Efficiently reading a very large text file in C++

Question

I have a very large text file(45GB). Each line of the text file contains two space separated 64bit unsigned integers as shown below.

4624996948753406865 10214715013130414417

4305027007407867230 4569406367070518418

10817905656952544704 3697712211731468838 ... ...

I want to read the file and perform some operations on the numbers.

My Code in C++:

void process_data(string str)
{
    vector<string> arr;
    boost::split(arr, str, boost::is_any_of(" \n"));
    do_some_operation(arr);
}

int main()
{
    unsigned long long int read_bytes = 45 * 1024 *1024;
    const char* fname = "input.txt";
    ifstream fin(fname, ios::in);
    char* memblock;

    while(!fin.eof())
    {
        memblock = new char[read_bytes];
        fin.read(memblock, read_bytes);
        string str(memblock);
        process_data(str);
        delete [] memblock;
    }
    return 0;
}

I am relatively new to c++. When I run this code, I am facing these problems.

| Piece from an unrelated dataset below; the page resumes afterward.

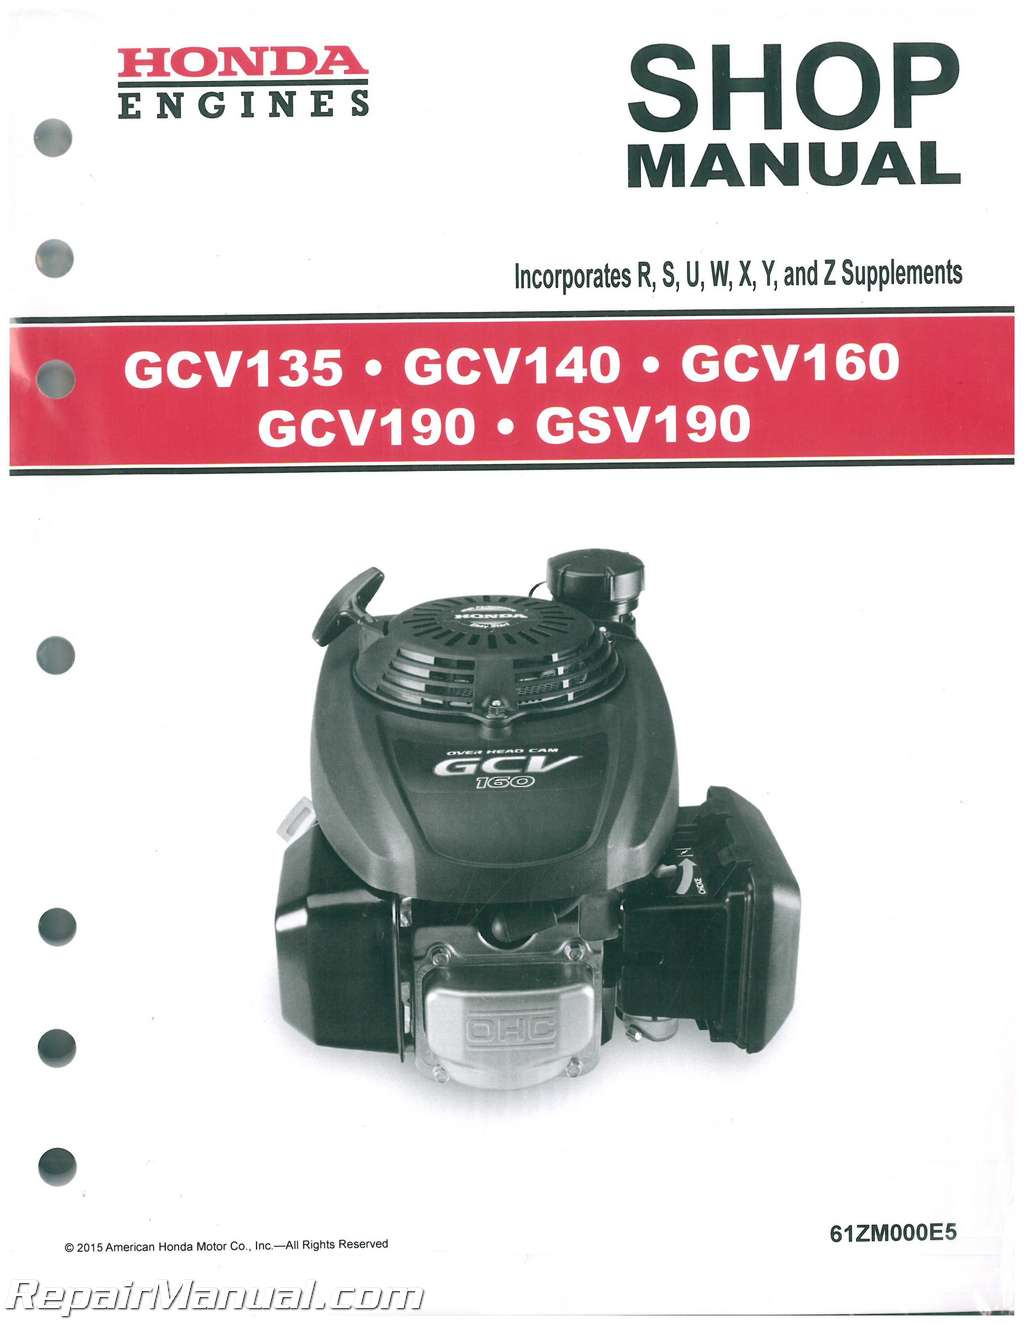 honda gcv135 gcv160 gcv190 and gsv190 engine shop manual rh repairmanual com Online Honda Repair Manual Honda Rebel Owner's Manual

Because of reading the file in bytes, sometimes the last line of a block corresponds to an unfinished line in the original file("4624996948753406865 10214" instead of the actual string "4624996948753406865 10214715013130414417" of the main file).
This code runs very very slow. It takes around 6secs to run for one block operations in a 64bit Intel Core i7 920 system with 6GB of RAM. Is there any optimization techniques that I can use to improve the runtime?
Is it necessary to include "\n" along with blank character in the boost split function?

I have read about mmap files in C++ but I am not sure whether it's the correct way to do so. If yes, please attach some links.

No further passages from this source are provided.